Scene: The White House. Oval Office. President Barack Obama, Speaker of the House John Boehner, and Senate Majority Leader Harry Reid are discussing the looming budget crisis.
BOEHNER (gesturing to a steward): Hey, Garçon! How about another Cutty? And easy on the ice cubes. I’m drowning over here. What about you, Harry?
REID: Give it up, John. I’m tired.
BOEHNER: Well, Jesus, Mary, and Joseph, Harry, we’re all tired. I’ve been working my effin’ keister off since January trying to resolve this thing to our mutual benefit, and you —
OBAMA: Gentlemen, please. We don’t have a lot of time this morning.
BOEHNER: I’m sorry, Mr. President, but Senator Reid doesn’t seem to understand the gravity of my situation. My caucus isn’t exactly playing tiddlywinks. I might go out of there feet first one of these days, and I don’t think either of you wants that.
OBAMA (smiling): Now let’s not get dramatic, John. Remember, I’m from Chicago.
BOEHNER: Well, Mr. President, I’m from Cincinnati, and I envy you. I’ll take a stone cold gangster over a teabagger any day. They’re a lot more reasonable.
REID: Mr. President, I really think we need to wrap this up. If we can’t do business with the Speaker, then I’d like to know it now.
OBAMA: Fine, Senator Reid. Let’s do some business. Now, John, I believe you when tell me you don’t want a shutdown. I really do. Harry and I don’t want one, either. But you know what? If there is a government shutdown, only one of us in this room is going to come out relatively unscathed. And that person is me.
BOEHNER: I know that, Mr. President. Jesus Christ, that’s what I keep telling the teabaggers. They’re not listening. Lord knows what line of crap that snake Cantor is feeding them. I’m about ready to hire a food taster.
OBAMA: I feel your pain, John, but those people are your problem. Perhaps you haven’t noticed — being so busy and all — but the Tea Party wants to send me on a slow boat to Kenya. I may have reached the limits of my famous equanimity.

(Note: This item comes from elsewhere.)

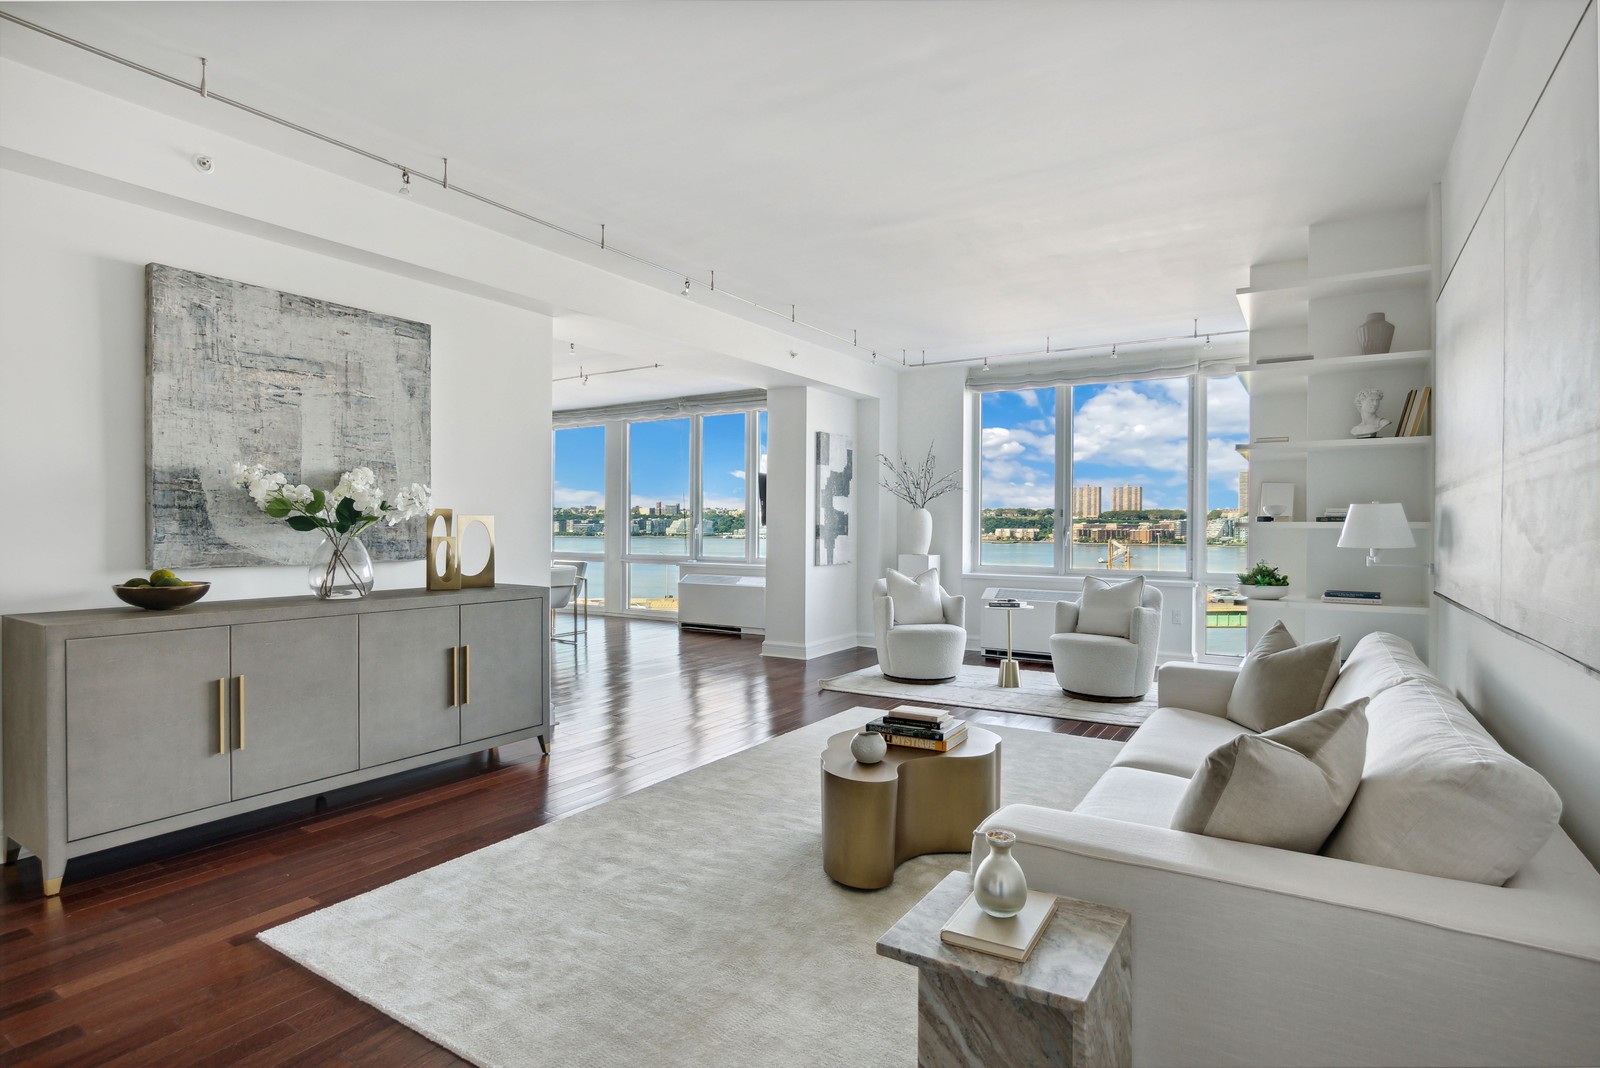 The gleaming, twin-towered Rushmore building at 80 Riverside Boulevard on the Upper West Side is the grand setting for this luxurious Manhattan home.

BOEHNER: Understood, Mr. President. But all I need —
OBAMA: John, here’s the bottom line: Harry and I aren’t going to throw you any more bones. We’ve got our post-shutdown strategy in place, and frankly, we feel pretty good about it. Why, I’ll bet you can even guess what it is.

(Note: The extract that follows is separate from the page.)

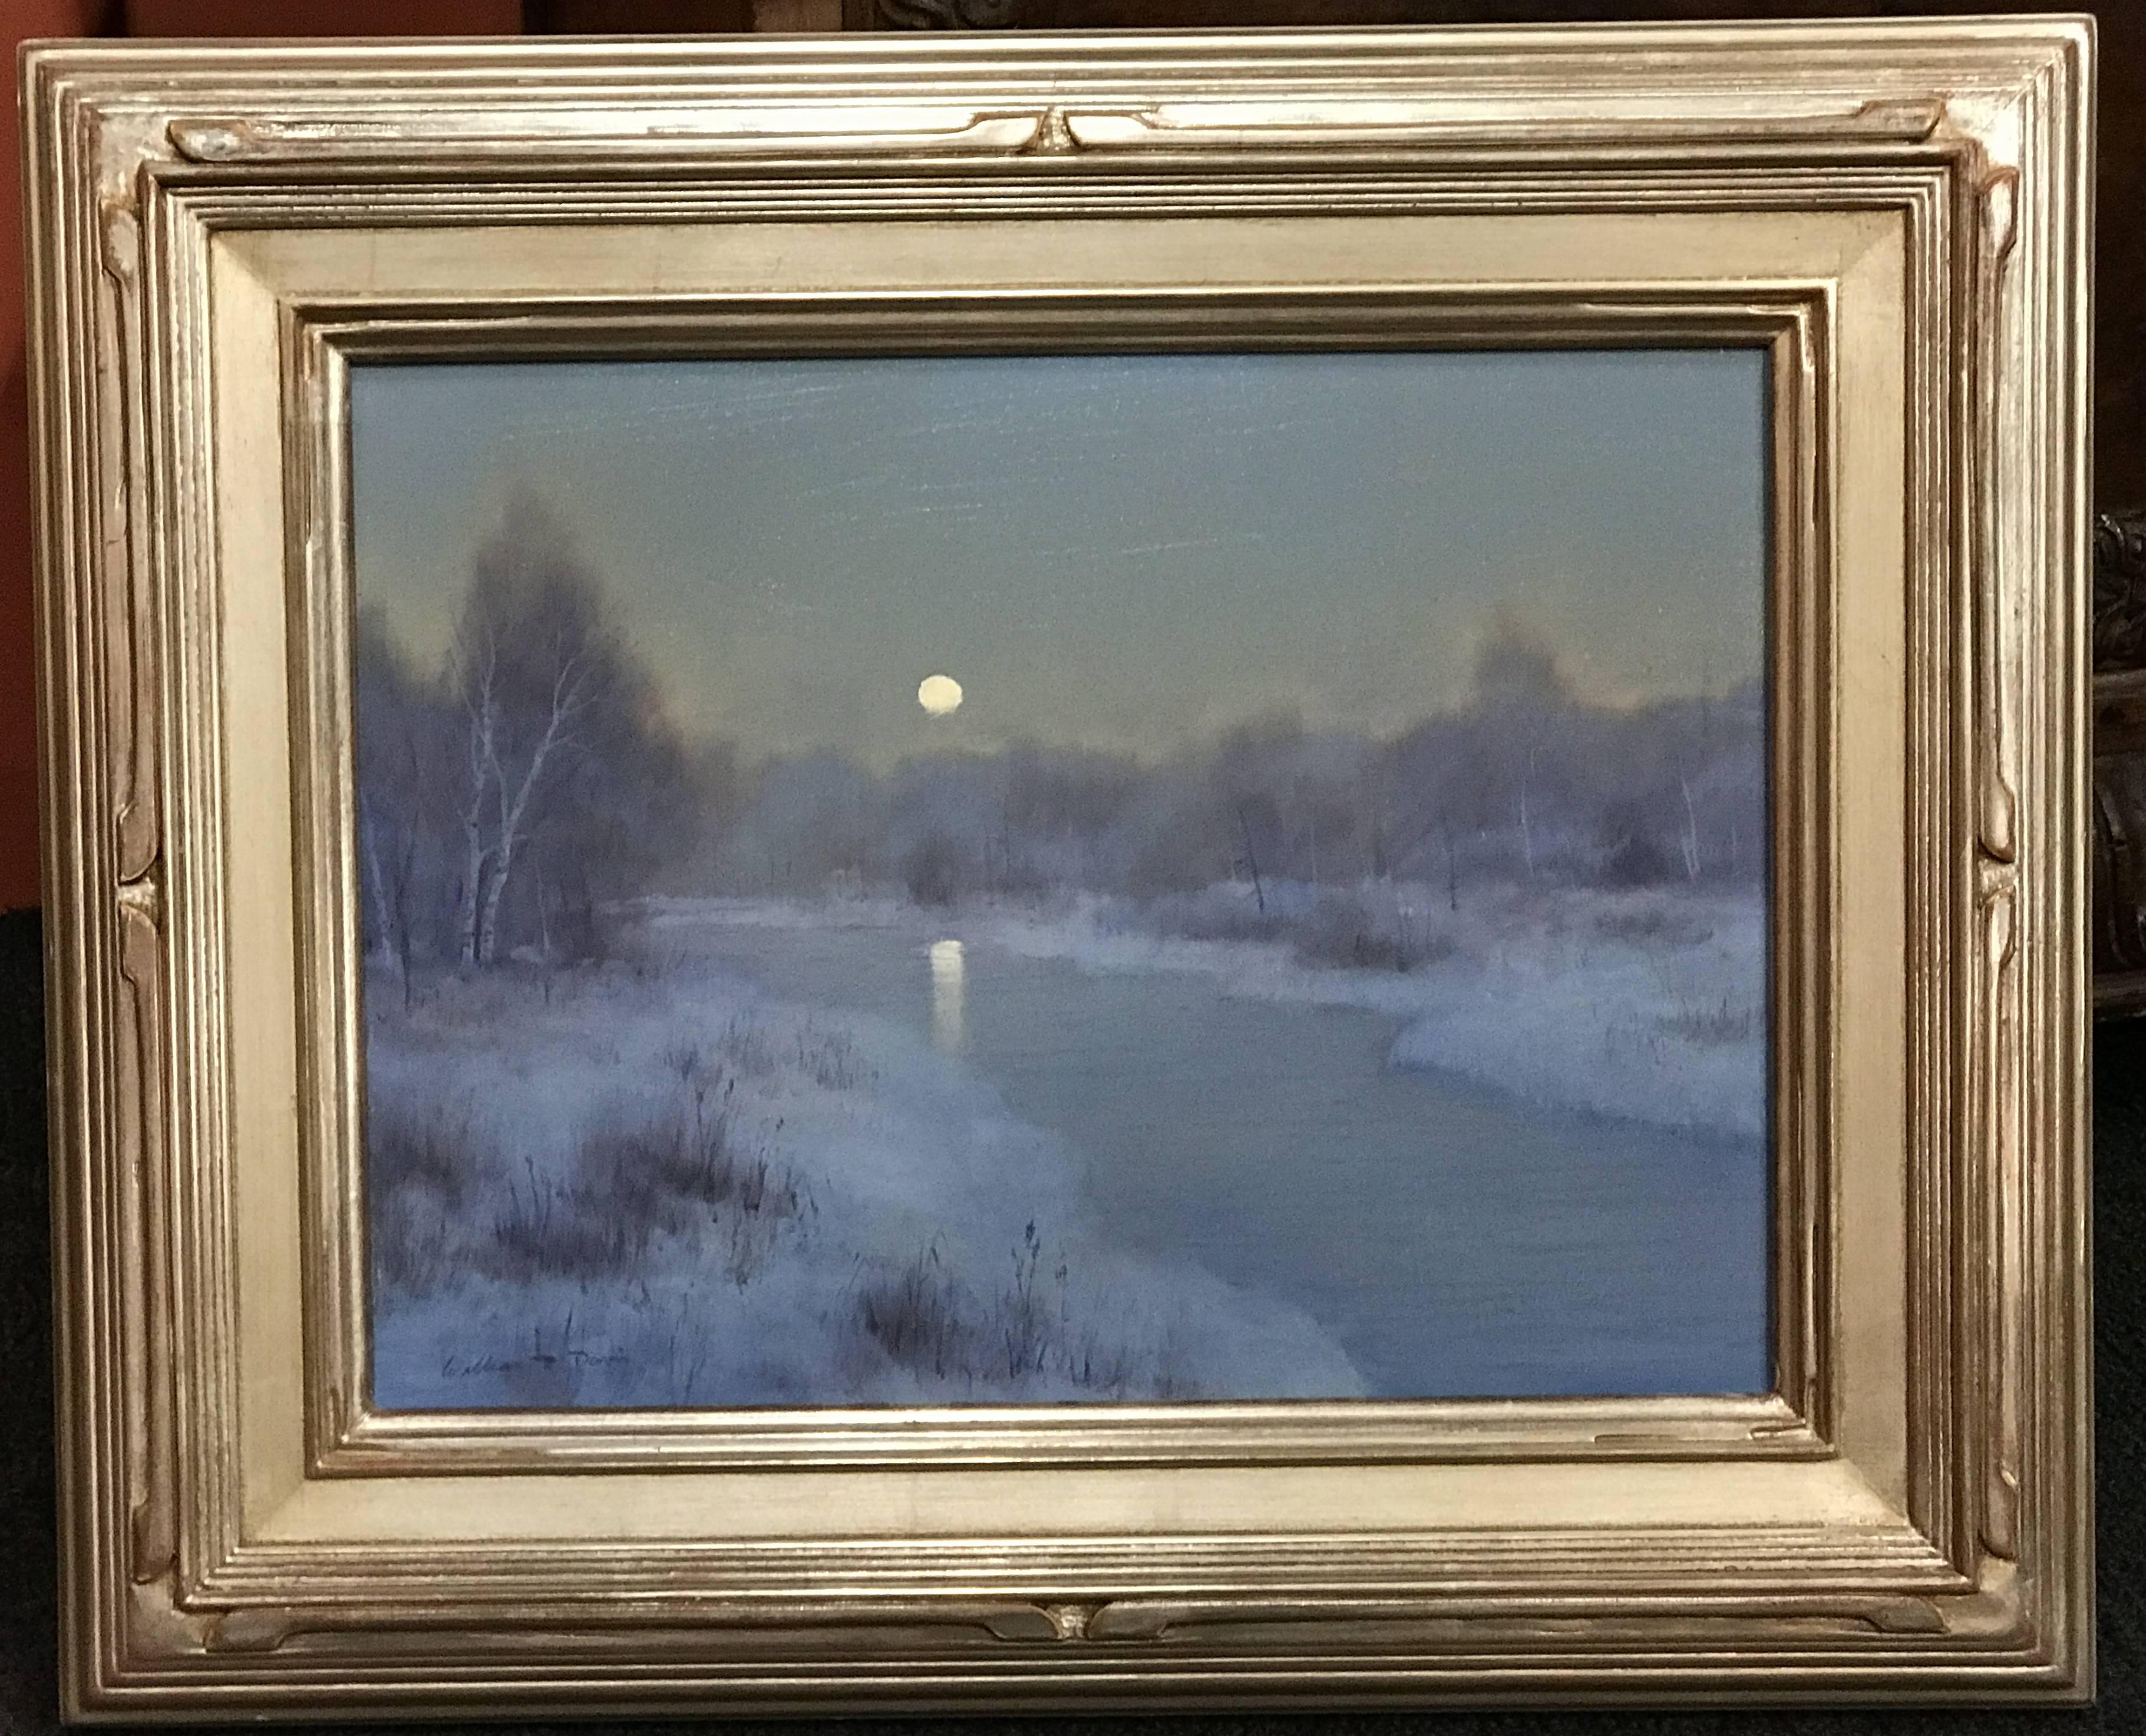 This tonalist winter landscape oil painting was painted by American artist William R. Davis (1952). Davis was born in Somerville, Massachusetts, grew up in Hyannis Port, MA and became well-known in New England and across the country as a self-taught

BOEHNER: I think so. You’re going to have your people beat me like a rented mule while you go around looking presidential. You’ll take few swipes at ol’ Harry here, but nothing will draw blood. Meanwhile, the crazies in my party will think they just won the friggin’ Super Bowl. End result: more headaches for moi.
REID: By George, Mr. President, I think he gets it. Can I go now?
OBAMA: Absolutely, Senator Reid. Now, how about one for the road, John? Garçon! Another Scotch for the Speaker.
BOEHNER: Thanks, Mr. President. Make it a double.